Chapter 10: Software Infrastructure
10.1 Installing CMS Software
Complete:
CMSSW Software Installed at a Generic Site
CMSSW does not need to be installed locally at every site. Users can access it via the LXPLUS cluster at CERN or at some of the T1/T2 centers. Otherwise, to install it locally follow the instructions at
Installing software using apt. As there are some dependences on the local environment, some unexpected problems may come up. In that case, please report them to
the software development tools hypernews list
.
If you are using a local installation, you may need to use slight variations of the standard instructions in this workbook for some tasks. Any variations should be documented in the workbook page
Specific Information for Remote Sites and Institutions. If not, please contact your system admin and ask that the necessary information be added or links provided.
Responsible:
SudhirMalik
Last reviewed by:
AndreasPfeiffer 12 Feb 2008
10.2 Developing Software
Complete:
Detailed Review status
Goals of this page
When you finish this page, you should understand the basic concepts to consider when developing your own software. Additionally, you should know how to document your code so that it appears in the CMS online documentation.
Eventually this page will also contain instructions for contributing analysis documentation to the main documentation repository.
Contents
Instruction for writing code
Tools and instruction for writing code can be found in
the Offline Guide Framework section.
In particular, to avoid problems with memory leaks, you should follow
the guidelines for using pointers
.
Writing Code to run in the CMSSW Framework
Instructions for developing CMSSW code, adding packages, checking new code into the CVS repository, and maintaining your code are currently found in the
CMSSW Developers Guide.
Writing private code to run in CMSSW
This section is intended for users who want to write "user" code which will never go into CMSSW public software releases. If you intend for your code to go into CMSSW releases, you should probably request a normal package with the normal procedure via the Tag Collector. For this see the
Writing Code section below.
Creating a user area in the CMSSW repository
There is an area called "UserCode" in the CMSSW repository where you can
create yourself a package to store your private user code and cfg files, for example:
UserCode/PElmer
To create such a user CVS area for yourself, do the following:
1) Choose a packagename for yourself. Typically this should be your
name (e.g. with some capitalization as above, or your CERN unix
username, etc.) so that it is semi-obvious whose package it is.

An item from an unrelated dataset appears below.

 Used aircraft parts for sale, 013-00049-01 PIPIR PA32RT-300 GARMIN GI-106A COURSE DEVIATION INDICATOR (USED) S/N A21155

2) Then create your package (here for an example "JohnDoe" user):
a) Set your CVSROOT to point to the CMSSW CVS repository.
You do this by doing the following, for example:
***********************************************
[malik@cmslpc02 ~/test]$ kserver_init
Enter your username at CERN:malik
Getting your Kerberos 5 credentials from CERN
Password for malik@CERN.CH:
Ticket cache: FILE:/tmp/krb_cern_6398
Default principal: malik@CERN.CH
Valid starting Expires Service principal
01/21/10 23:03:12 01/22/10 23:03:12 krbtgt/CERN.CH@CERN.CH
renew until 01/28/10 23:03:12
***********************************************
b) 'cd' to some temporary area
cvs co UserCode/README
c) mkdir UserCode/JohnDoe
d) cd UserCode
e) cvs add JohnDoe
In general it is advisable to structure it like a normal CMSSW package,
-
- e. with the same subdirectory structure. To do this, you can do:
mkdir JohnDoe/src JohnDoe/interface
cvs add JohnDoe/src JohnDoe/interface
mkdir JohnDoe/data JohnDoe/test
cvs add JohnDoe/data JohnDoe/test
If you do not think you need some of these subdirectories at the
moment, you simply do not 'mkdir' and 'cvs add' them.

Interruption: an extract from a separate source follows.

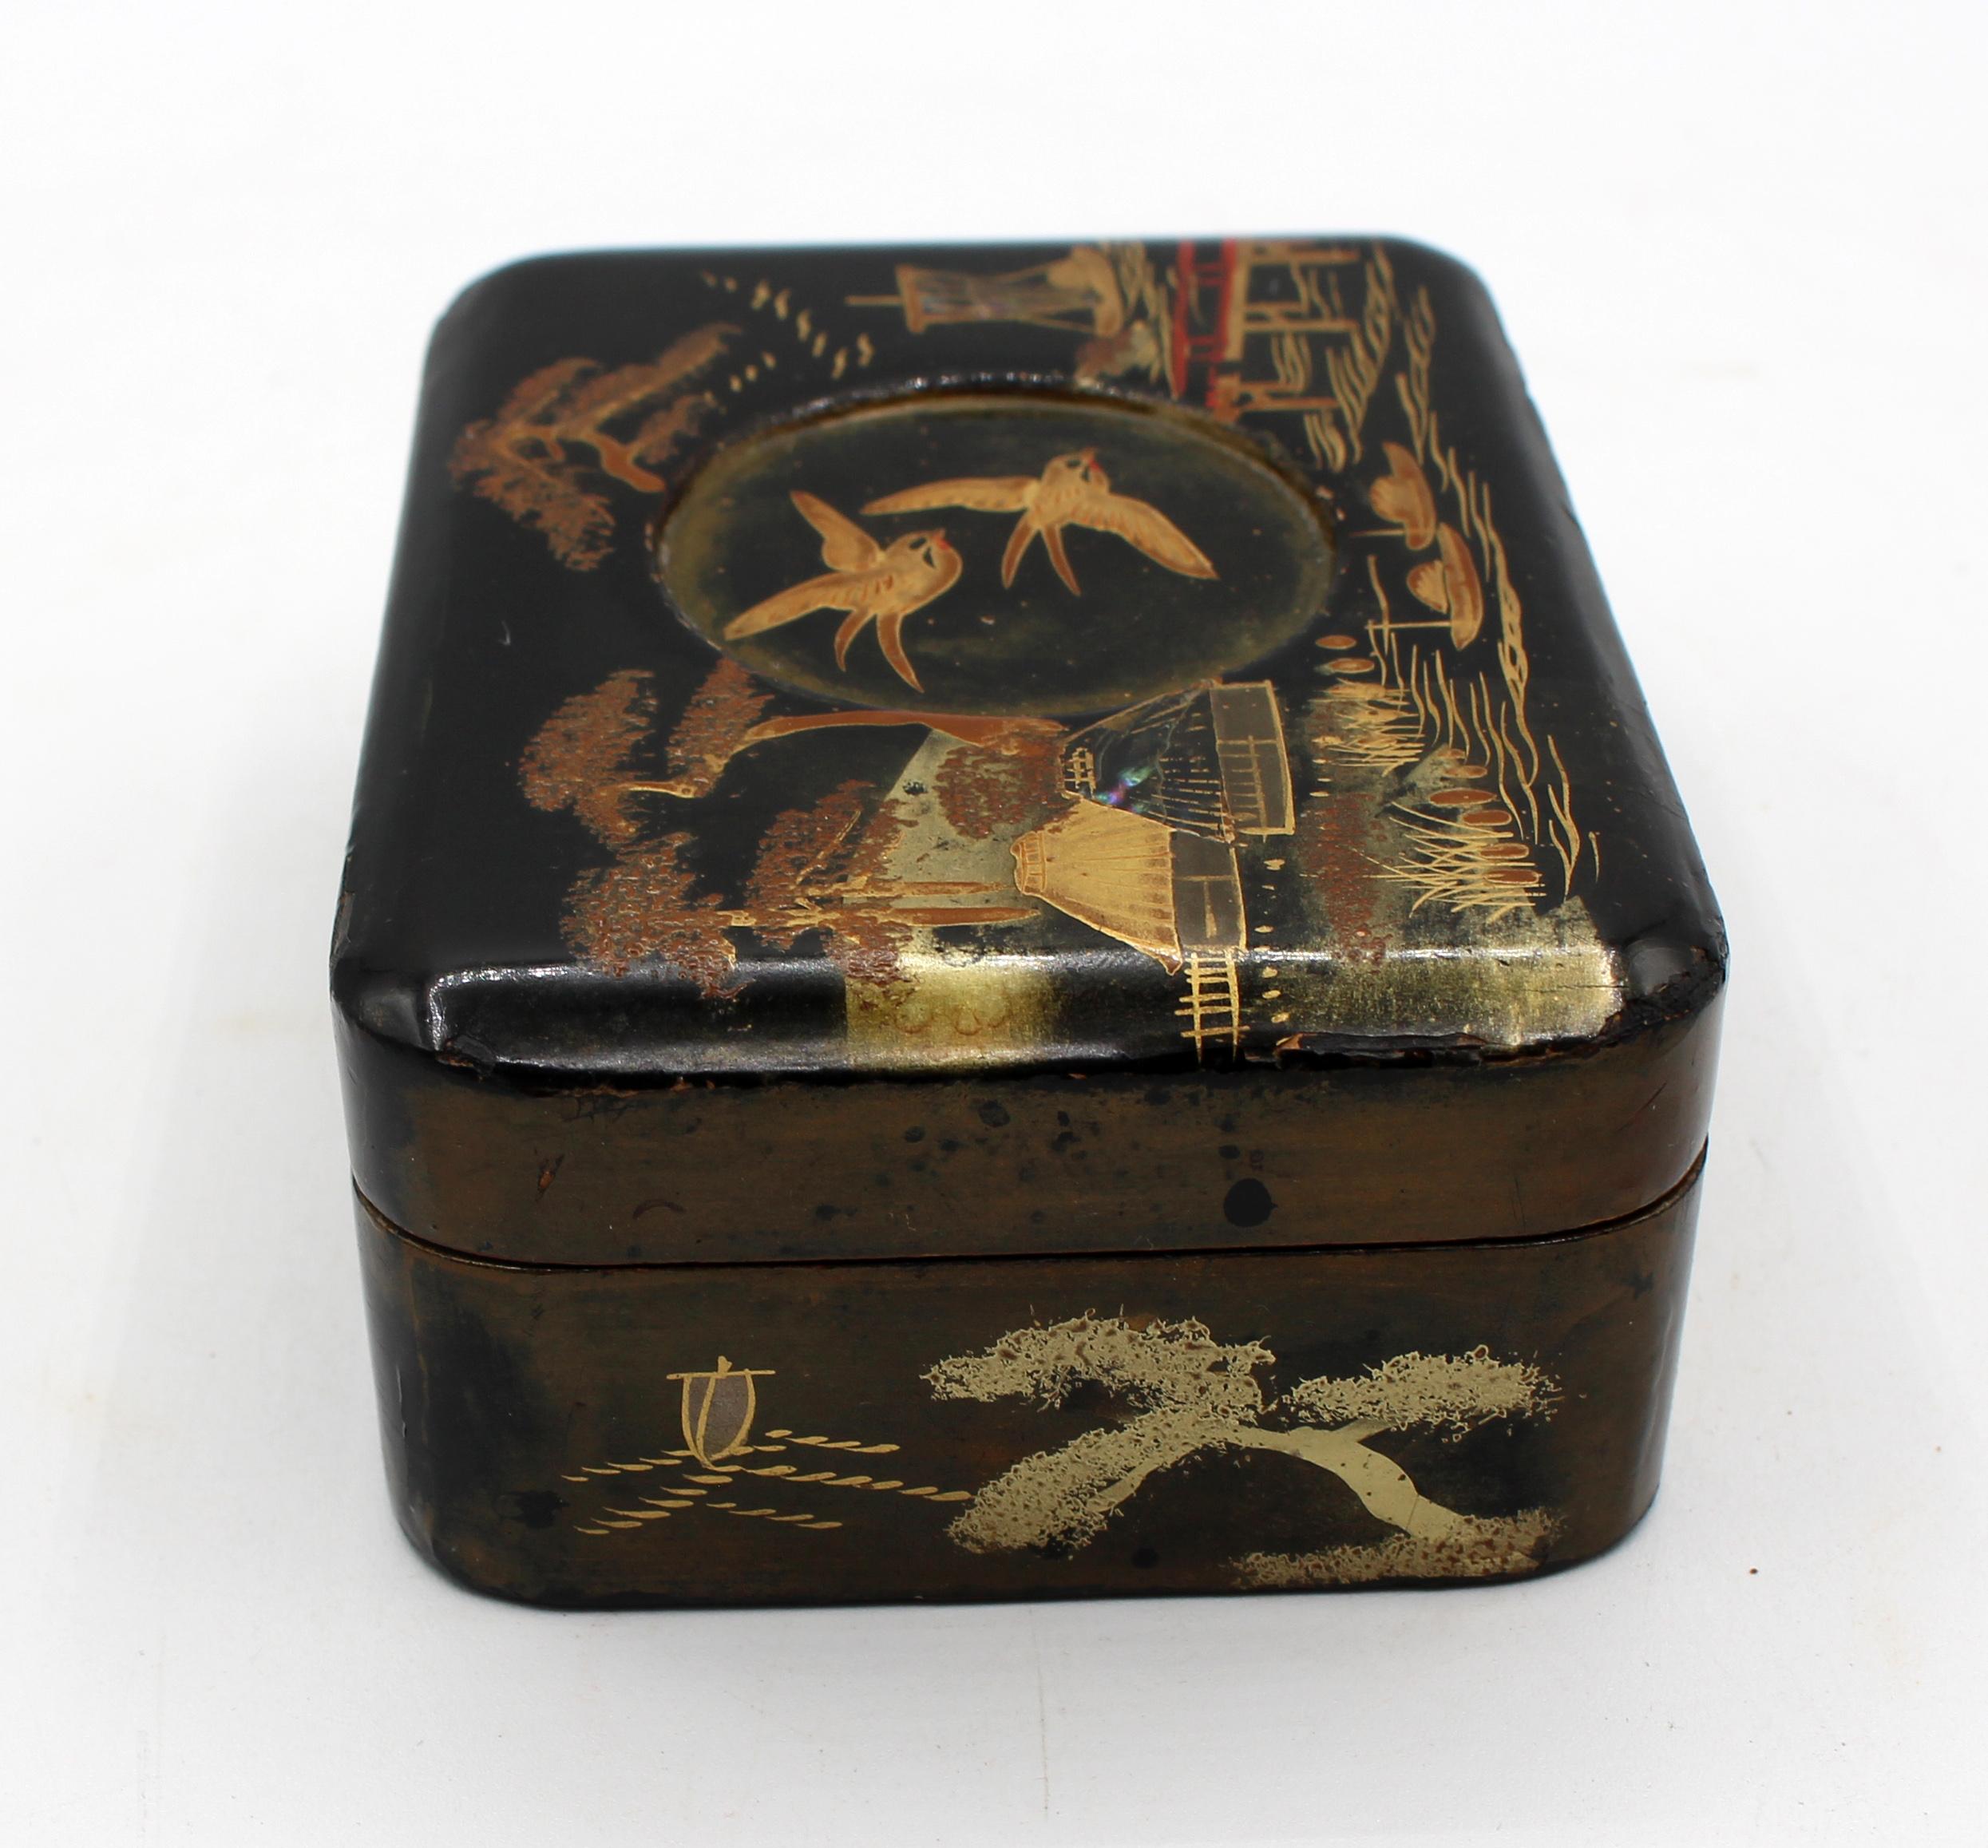 Meiji period small lacquer box with hinged lid, Japanese. Finely decorated - bits of abalone inlay add sparks in several areas. The recessed circle contains swallows in flight. Fine gilding highlights the raised lacquer work of several types.
4 5/8

3) Then you can 'cd' into the "src" area of some scram working/developer
area and do:
cvs co UserCode/JohnDoe
and begin to add your code and cfg files to the subdirectories. If you
need a
CMS.BuildFile, you can copy an example from a normal CMSSW package
and edit it to serve your purposes.
Commit your files to your own subdirectory
Please note that you should not commit files to the UserCode
directory itself, but only in your equivalent of the JohnDoe
sub-directory....
You should find your code on the url
here
to
UserCode in CVS.
General Principles for Software Development
Test your new code locally, on small data samples
When writing your own code, it is important to run on your local working environment and test the analysis code on a small number of events - this saves time and resources.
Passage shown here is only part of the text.